Fungal amplicon sequencing data
An amplicon processing bioinformatics pipeline was applied to the HMP to optimize read retention and ITS-specific considerations as follows [44,45]. Raw sequencing data read quality was assessed with seqkit [46] and FastQC [47]. Primer sequences were removed with cutadapt [48]. The following processing was conducted with VSEARCH v2.23.0 [49]. Paired-end reads were merged and truncated at Phred score under 20, then merged reads were dereplicated and clustered into OTUs at 97% sequence similarity. De novo chimeras were removed with “uchime_denovo” and taxonomy was assigned with SINTAX using the Unite v9 eukaryotic database [50]. Feature table processing and analysis were conducted in R 4.3.1 using primarily the phyloseq [51], microViz [52], and vegan [53] packages as follows: nonfungal OTUs were removed, and fungal OTUs with unknown phyla were resolved by manual BLAST searches against the Unite v9 eukaryotic and NCBI nonredundant databases. When taxonomy could not be resolved at the phylum level or lower, the OTU was removed from further analysis. The final OTU table was rarefied to 1,500 read depth by taking the average of 1,000 rarefaction iterations using the EcolUtils package [54] and referred to as “rarefied feature table(s)” for downstream analysis.
Sample size
Sample size was determined by the available data. The HMP cohort collected various biological samples from 300 donors [43]. Of these donors, fecal samples from 147 individuals were sequenced for ITS2 (mycobiome characterization) [14] and blood samples from 298 individuals were genotyped using whole-genome sequencing [15]. We matched individuals with paired ITS2 and whole-genome sequencing using the RANDSID variable from dbGaP accession phs000228.v4.p1 (n = 136). Sixteen individuals were removed during preprocessing of whole-genome sequencing (see below), leading to the final sample size of 125 individuals.

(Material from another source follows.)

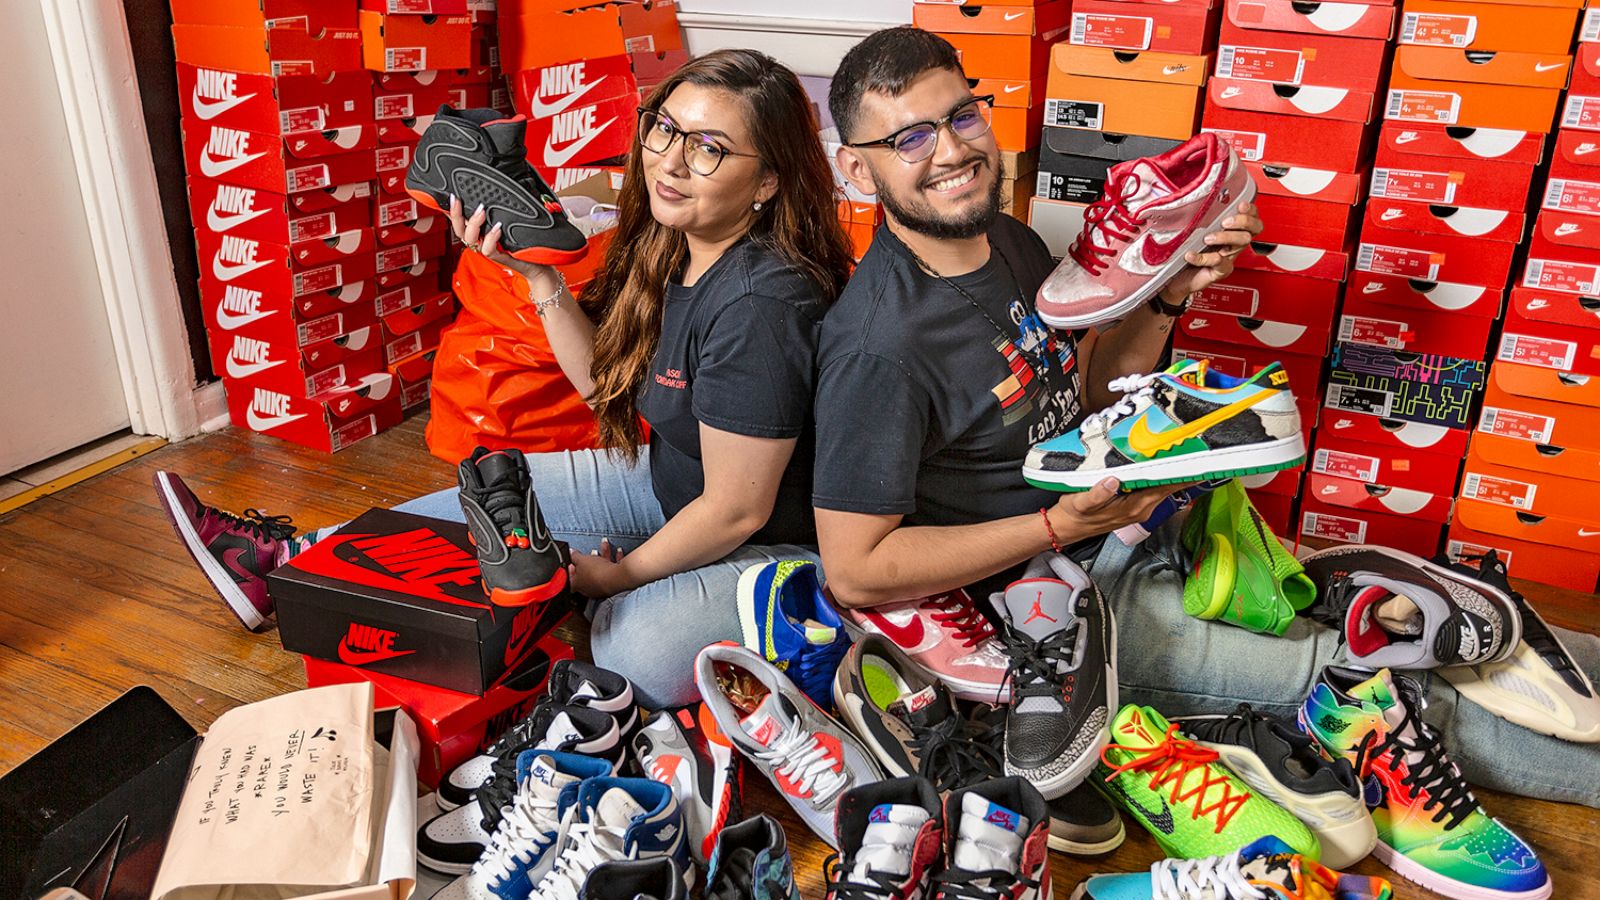 paspoort Zeggen influenza Dallas educators tap into sneakerhead culture to give new shoes to students  in need - Good Morning America

Genome-wide association study
Genomic variants were accessed from dbGaP accession phs000228.v4.p1. Variant calling has been previously described [15]. To contextualize our findings in the light of previous bacterial microbiome GWAS, variant processing and statistical comparisons were aligned with the methods of previous studies where possible [7,15]. All processing was conducted in PLINK software [55,56]. Variants with over 5% missingness were removed, and self-reported sex was checked against imputed sex (no individuals were removed). Variants were filtered for minor allele frequency over 5% and for Hardy–Weinberg equilibrium chi-squared tests P < 1−10. Sixteen individuals with high heterozygosity rates (over three times the standard deviation) were removed. To account for population stratification, independent variants (not in linkage disequilibrium) were extracted and used for principal component analysis. Aligning with previous bacterial GWAS methods to examine associations at each taxonomic level, the rarefied fungal feature table was collapsed at the phyla, order, class, family, genus, species, and OTU levels, taxa with less than 30% prevalence were removed, and the remainder were normalized with a center log ratio transformation. This resulted in the inclusion of 44 highly prevalent fungal taxa for the GWAS analysis. GWAS comparisons were made with the ‘—glm’ function for each combination of genomic variant and fungal taxa, and covariates included sex, extraction method used for WGS data (all ITS samples were extracted with similar methods, and all participants were sampled at one site), and the first 10 principal components of genetic stratification. Statistical significance of SNP–fungi associations was set at three thresholds; study-wise significance as FDR correction for all fungal taxa and all genomic variants at Q < 0.2, the standard GWAS genome-wide significance at P < 5 × 10−8, and an exploratory threshold that accounted for all genomic variants within one fungal taxa (Q < 0.05). QQplots were constructed for each fungal taxa to ensure P values were not artificially inflated, i.e., by population stratification. Genetic variants that met any significance threshold defined above were considered FAVs. FAVs were annotated with the SNPNexus web tool [57] using the GRCh37/hg19/b37 assembly.
eQTL annotation
FAVs were probed for eQTL annotation and therefore association with differentially expressed genes across body tissues using the GTEx v10 database release (https://www.gtexportal.org/home/downloads/adult-gtex/qtl) on the GRCh38/hg38/b38 assembly. The GTEx lookup reference table was first used to confirm that the current hg19 dbSNP identifiers remained the same for the hg38 genomic build. FAV-eQTLs were mined from the list of significant variant-gene pairs in the cis-eQTL v10 GTEx release using the GTEx summary statistics for slope and P value.
Phenome-wide associations
Phenome-wide associations to the FAVs were performed with the PheWEB online platform [30] and the TopMED-Imputed UKBiobank dataset. This dataset, publicly available, comprises 1,419 broad electronic health record codes from 51 to 78,000 cases and 167 to 407,000 controls. Phenotype associations with each FAV were considered significant at 3.52 × 10−5, a phenome-wide Bonferroni correction for the number of phenotypes tested at α = 0.05. Validation of two FAV associations with cardiovascular disease was performed with the ‘phewas’ function of the ieugwasr R package [31].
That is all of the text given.